━━━━━ Entries shown

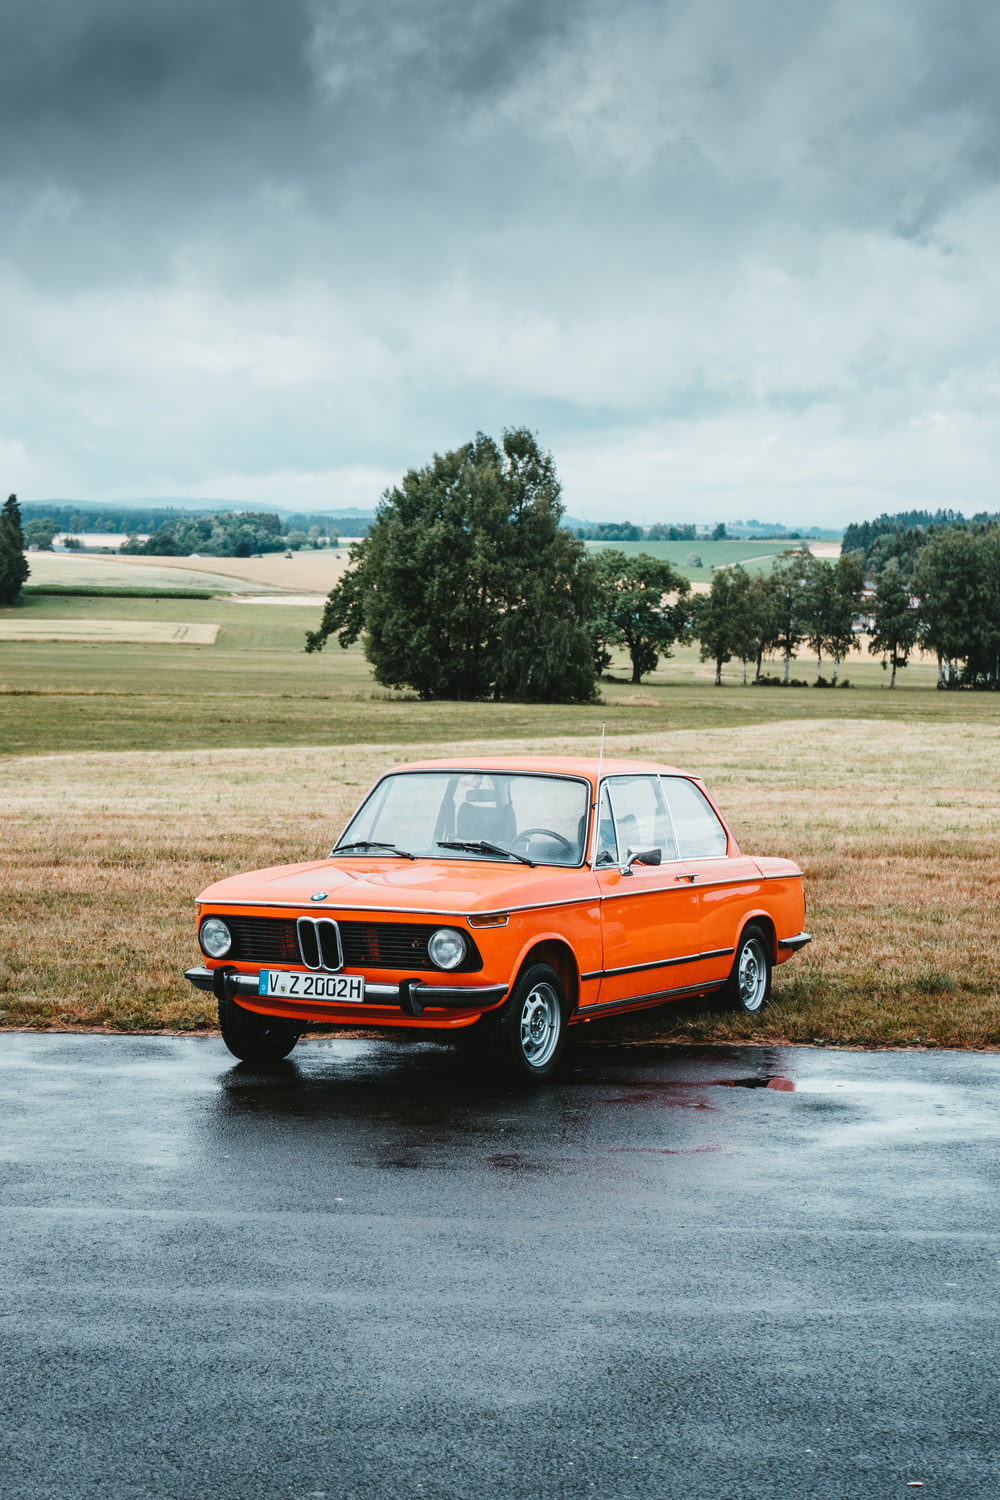 BMW coupé clásico naranja estacionado al borde de la carretera bajo un cielo gris nublado
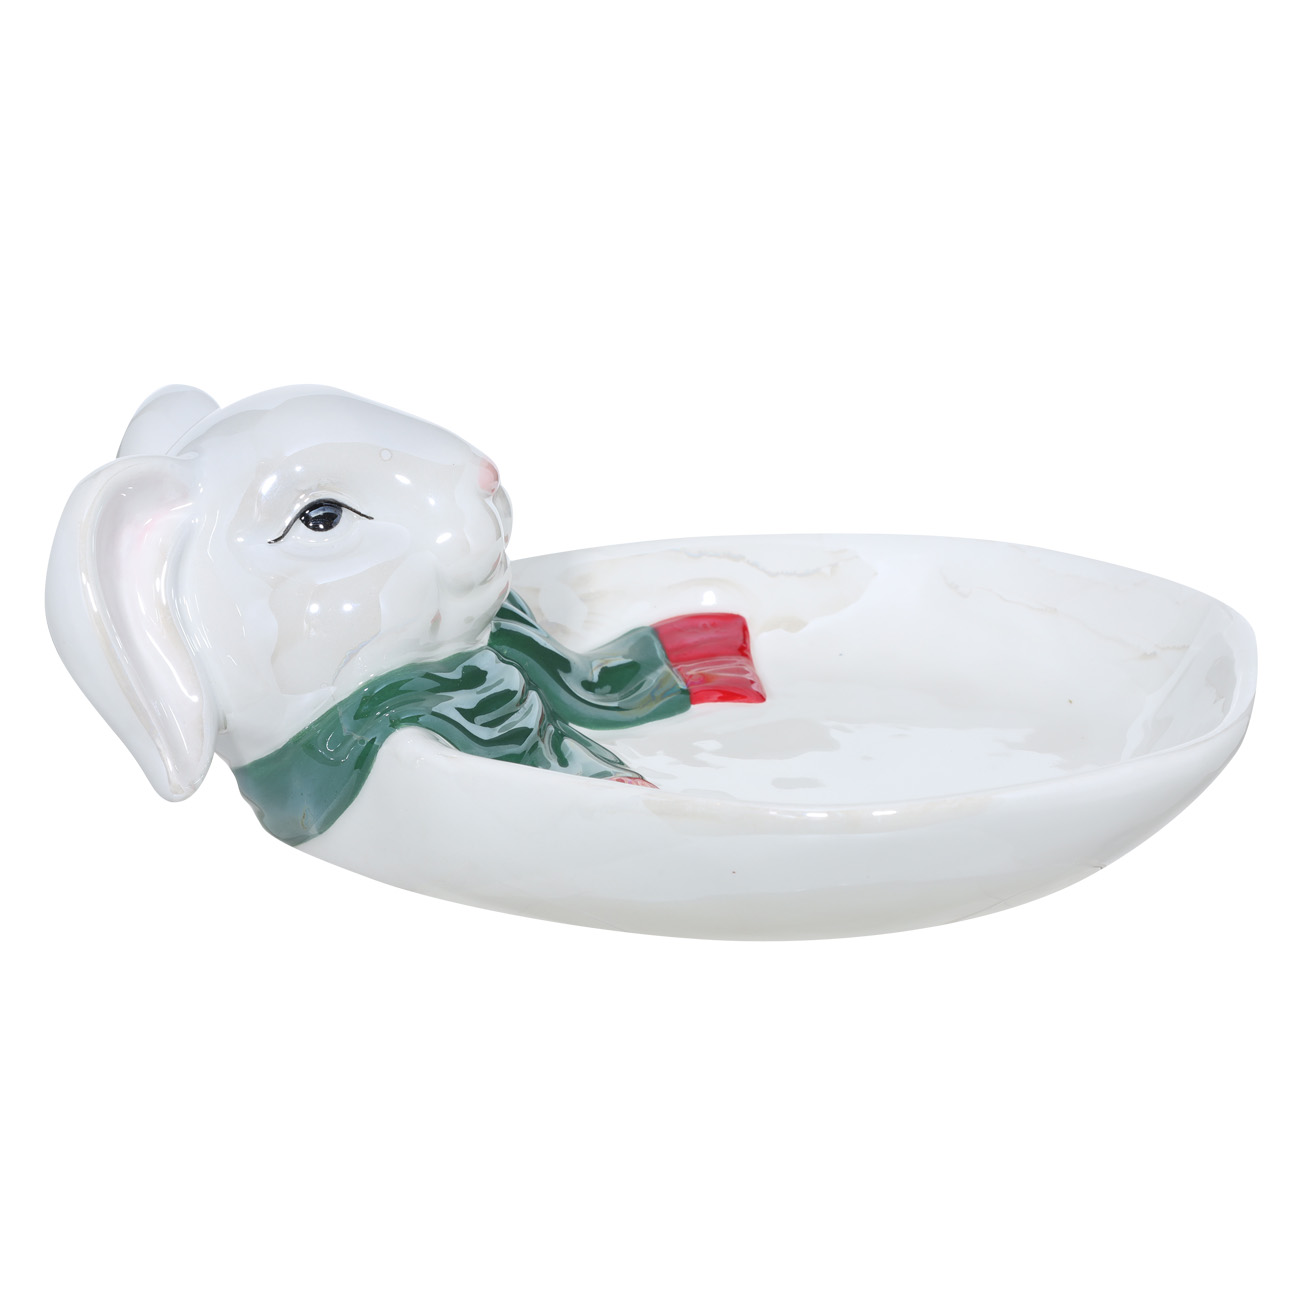 Блюдо, 22 см, керамика, белое, перламутр, Кролик с зеленым шарфом, Christmas glaze - фото 1
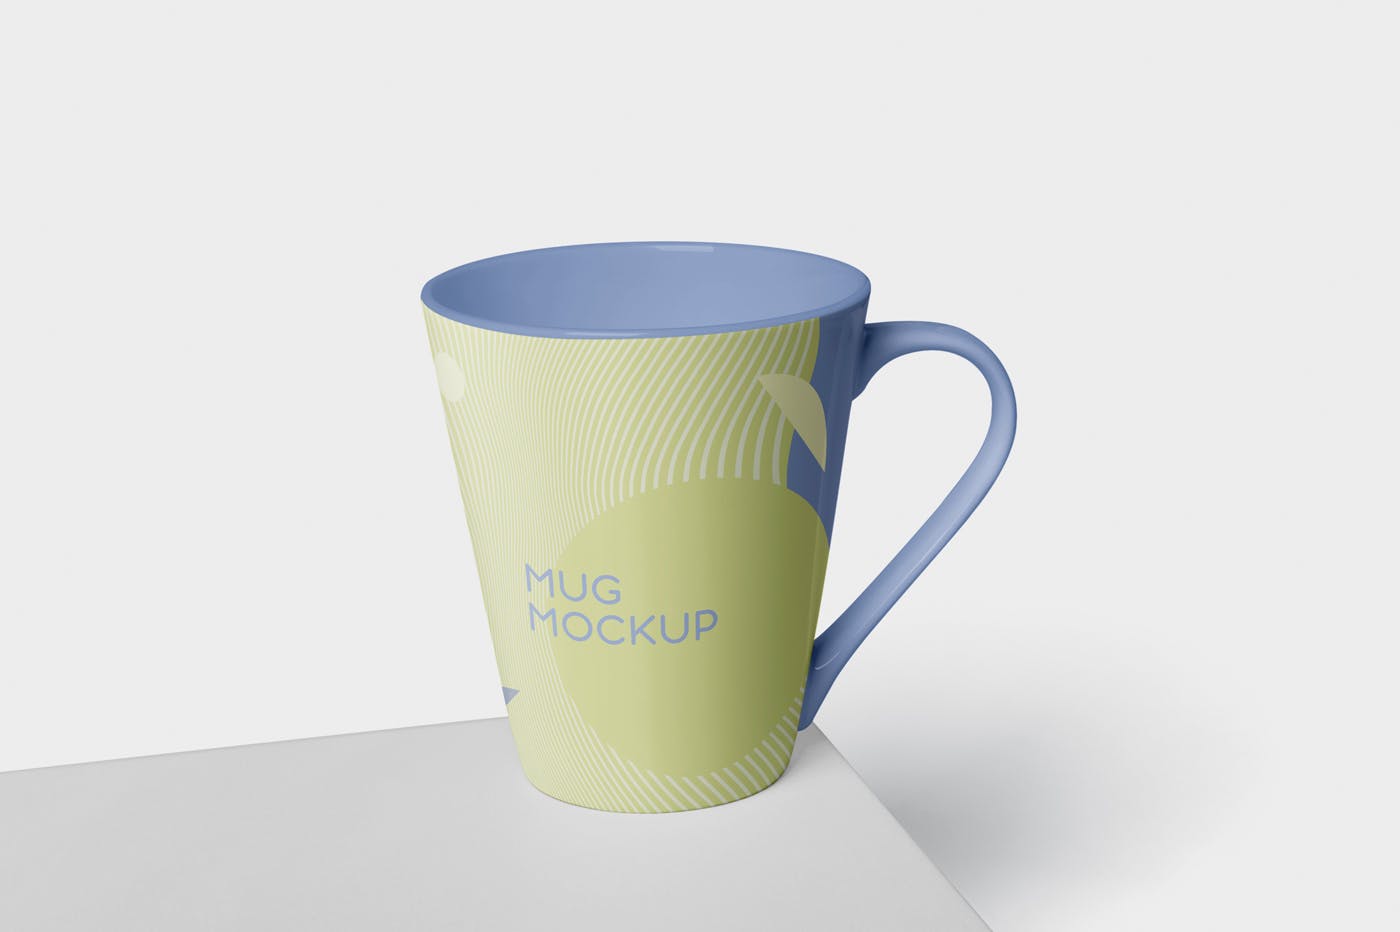 锥形马克杯图案设计素材库精选 Mug Mockup – Cone Shaped插图(2)
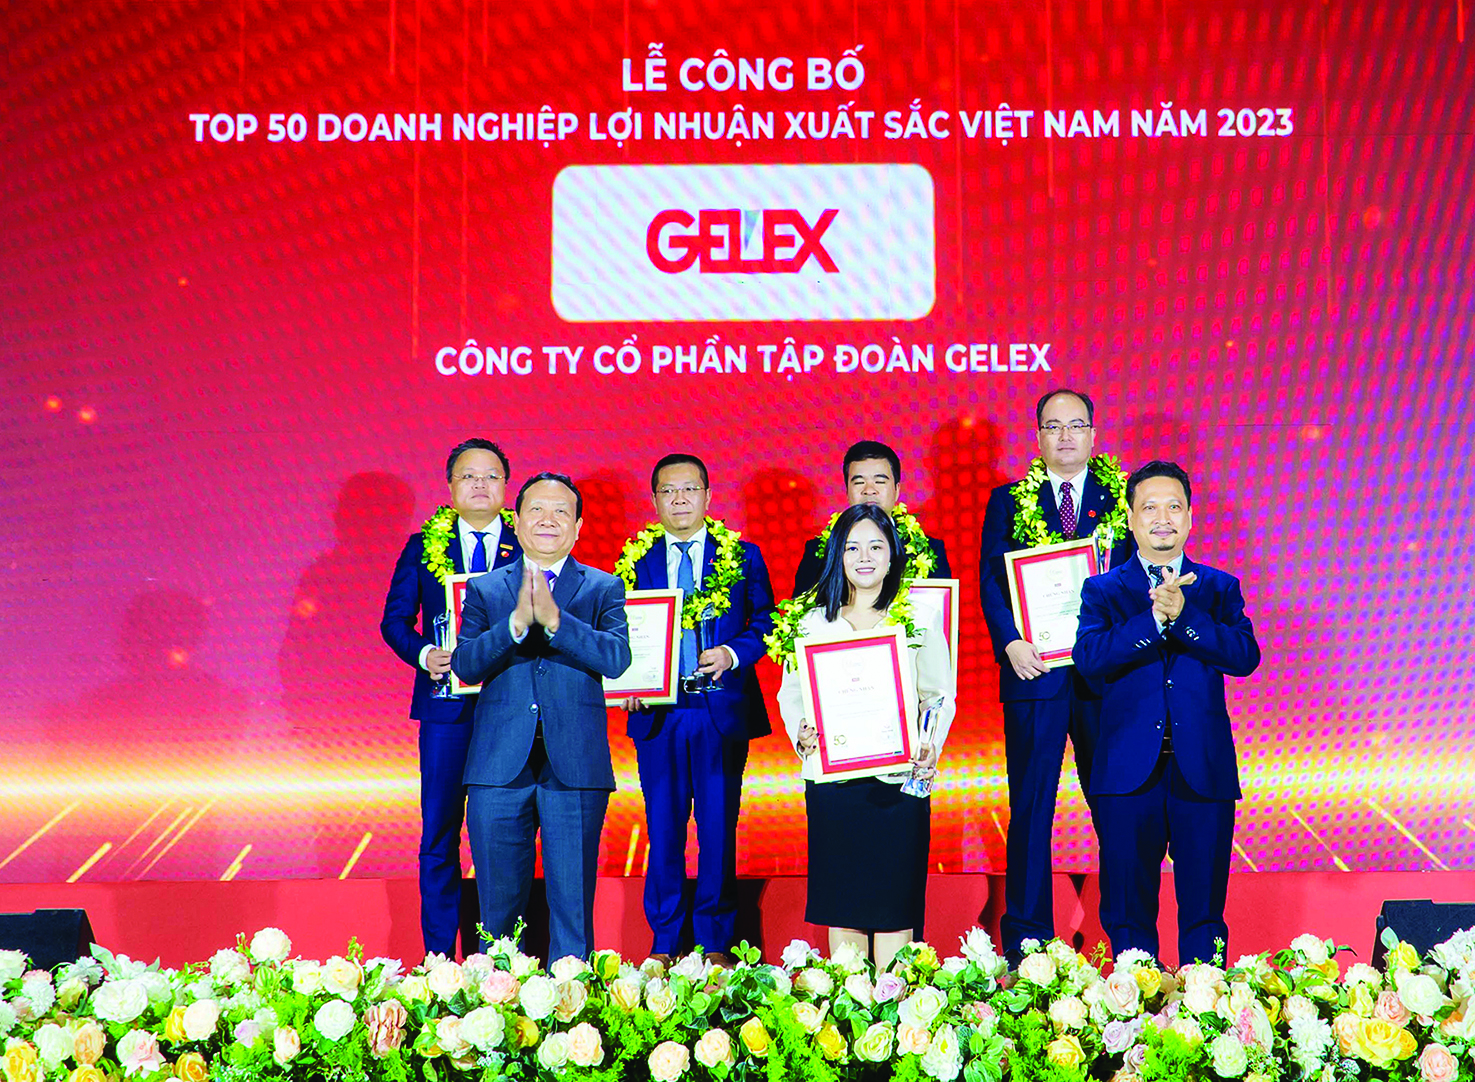  Bà Nguyễn Hồng Nhung - Giám đốc Truyền thông Tập đoàn GELEX nhận Cúp và chứng nhận Top 50 Doanh nghiệp lợi nhuận tốt nhất Việt Nam – năm 2023.
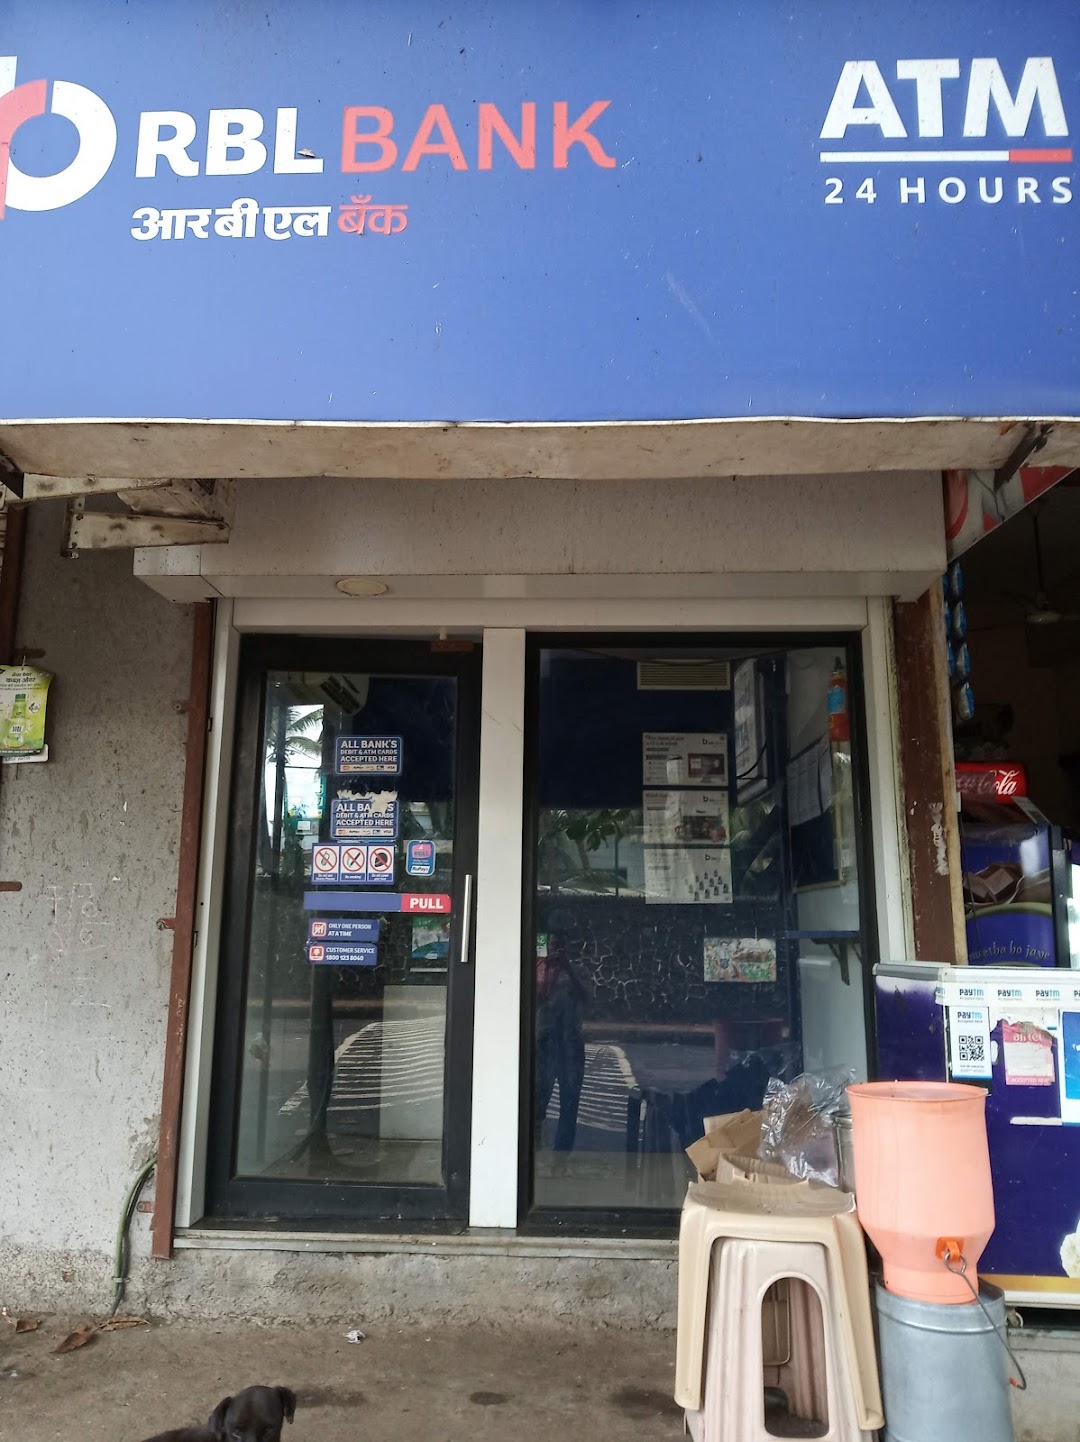 RBL Bank ATM - RTO Kalyan

━━━━━━━━━━

#### Task
The entries above, every one of them, should be retyped exactly, with no pictures carried over.

#### Exercise solution
 BMW coupé clásico naranja estacionado al borde de la carretera bajo un cielo gris nublado
 Блюдо, 22 см, керамика, белое, перламутр, Кролик с зеленым шарфом, Christmas glaze - фото 1
 锥形马克杯图案设计素材库精选 Mug Mockup – Cone Shaped插图(2)
  Bà Nguyễn Hồng Nhung - Giám đốc Truyền thông Tập đoàn GELEX nhận Cúp và chứng nhận Top 50 Doanh nghiệp lợi nhuận tốt nhất Việt Nam – năm 2023.
 RBL Bank ATM - RTO Kalyan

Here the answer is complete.